Não! Há pessoas com quem não conseguimos estabelecer uma amizade, uma parceria. E isso está ok, não há mal nenhum. Mas se pudéssemos simplesmente não mais conviver com elas, seria uma dádiva. A grande pegadinha da vida é que às vezes essas pessoas são colegas de trabalho, chefes, sogras, noras, cunhados, vizinhos.

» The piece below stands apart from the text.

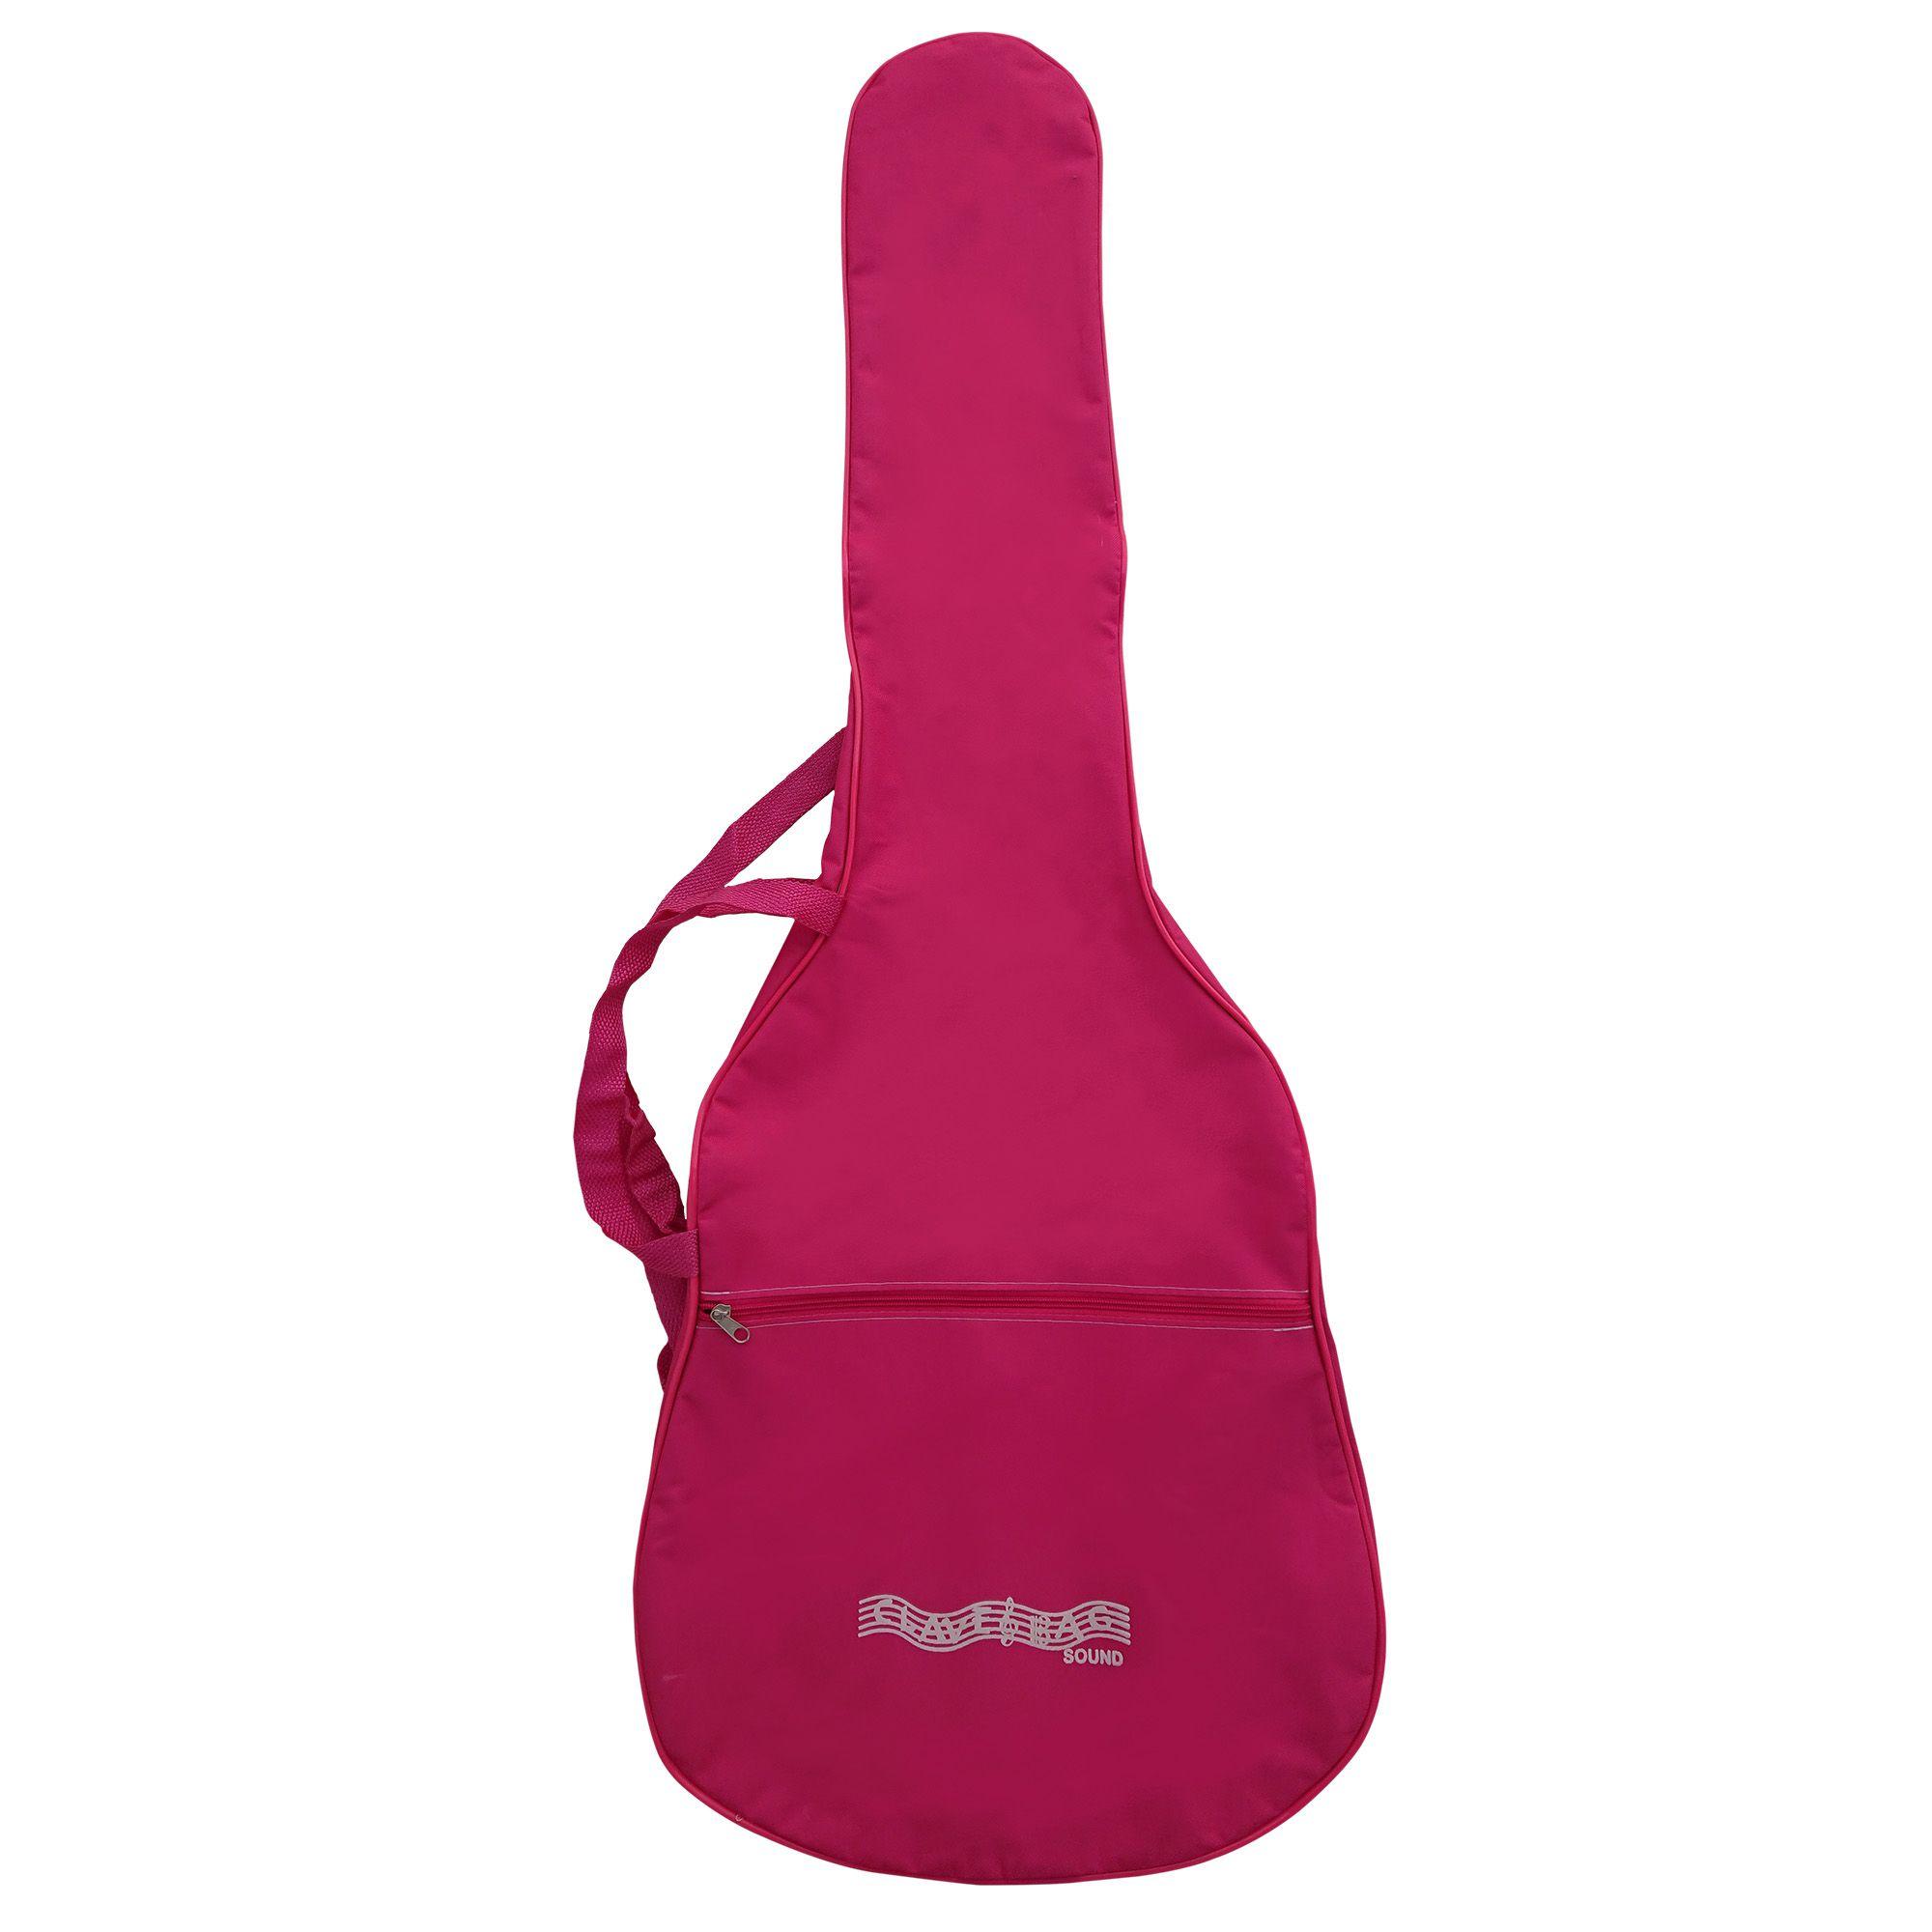 Capa Bag Para Violão Clássico Rosa Comum CLAVE & BAG. No formato do violão, alça de mão e tira colo. CMR502

Ou seja, não vão deixar de fazer parte do cenário da nossa vida só pela nossa vontade.

  • Como lidar com pessoas que não gostamos, com quem não nos damos bem?
  • Tratar com educação seria falsidade?
  • Devo expressar meu incômodo genuíno, deixar claro meu descontentamento em conviver com essas pessoas?

Expressar claramente sua oposição ao convívio inevitável só trará problemas PARA VOCÊ. E a cultura popular está cheia de exemplos disso. É a nora que trata a sogra com desdém e vive uma situação infernal com ela. O colega que perturba tanto o outro ao ponto de daquele que não gosta dele pedir demissão ou fazer uma besteira. São os vizinhos que se odeiam e se provocam com cada vez mais astúcia, vivendo uma guerra fria.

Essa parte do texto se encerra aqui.